“…Can I have a swig of your drink?”
This was the question Nicole Tanner’s husband asked, sparking the name for Swig, a local drive-thru destination.
Tanner and her husband opened Swig in April 2010 and have made quick headway. Offering fountain drinks, hot drinks, fruit smoothies, baked treats and ice cream, Swig is a one-stop shop to cool down.
Tanner said she and her husband are big Diet Coke drinkers, which was the inspiration behind Swig.
“We knew that there was a need for a good, fun drive-thru, and we knew that there were other people out there, like us, that enjoyed a good fountain drink,” Tanner said.
Tanner said the best-seller is by far the dirty Dr. Pepper. Dirty means coconut flavoring was added.
“You can dirty up any drink,” Tanner said. “Put coconut in it, and it is awesome. I dirty up my Diet Coke all the time.”
Loyal customer Howard Borst said Swig offers a variety of refreshments for every person. His personal favorite is the mango Mountain Dew. Flavors are added to drinks as either syrups or purees, but Borst said he prefers the syrup.
Kaymi Hardy, a junior dental hygiene major from St. George, said she prefers the puree. Hardy had a Swig drink in hand while she talked about how exceptional Swig is.
“I like the raspberry peach Mountain Dew,” Hardy said. “I just think it’s really unique how they put the flavors with Mountain Dew.”
Tanner said people thought the location of Swig, 989 East Tabernacle Street, would be unsuccessful, but Tanner and her husband knew being in the middle of town and close to the college would be big selling points.
“It’s not on a busy street where you’re going to get a lot of high traffic, but we knew that it was just far enough off (the Boulevard) that people would come down to it if they really liked it,” Tanner said. “We knew the college kids would love a fun destination place like this.”
Tanner said not only does the central location bring students to Swig, but it also draws in Dixie State College faculty and staff.
A lot of customers come to Swig after having a bad day, Tanner said. People stop by, get a drink and cookie, and get back in their zen zone.
“We didn’t want people to be treated like a number,” Tanner said. “We wanted them to feel special and make it a fun part of their day. We have regulars, and we know their drink the minute we see them. People love that.”
Tanner said she and her husband opened Swig in the height of the recession. People thought they were unwise to open any type of restaurant, but Tanner and her husband thought differently.
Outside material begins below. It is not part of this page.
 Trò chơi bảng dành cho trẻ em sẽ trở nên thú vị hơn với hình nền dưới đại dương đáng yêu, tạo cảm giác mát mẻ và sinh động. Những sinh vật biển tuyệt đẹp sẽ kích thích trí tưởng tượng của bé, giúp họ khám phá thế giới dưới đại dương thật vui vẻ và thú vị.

“…People will still want to come and get their fountain drinks,” Tanner said. “They’re not going to go out to dinner as much, but they will still come get $1 (or) $1.50 drink.”
By keeping menu-items reasonably priced, more customers are drawn to Swig.
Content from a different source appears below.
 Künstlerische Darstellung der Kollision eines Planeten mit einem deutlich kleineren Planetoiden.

Tanner said: “We want it to be affordable. It can still be a fun thing for [people], and it’s not costing a lot of money. We keep everything pretty low-cost.”
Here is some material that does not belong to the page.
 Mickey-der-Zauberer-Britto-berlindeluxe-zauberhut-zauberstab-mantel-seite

Swig has become an unexpected success not only for the Tanners, but also for customers.
“I assumed it would do OK, but I had no idea it would be the phenomenon that it is,” Borst said.
Tanner also emphasized her gratitude for Swig’s success.
“This is our one and only Swig, and the whole concept behind it was kind of fun,” Tanner said. “We didn’t know that it’d be anything like this. We are very lucky.”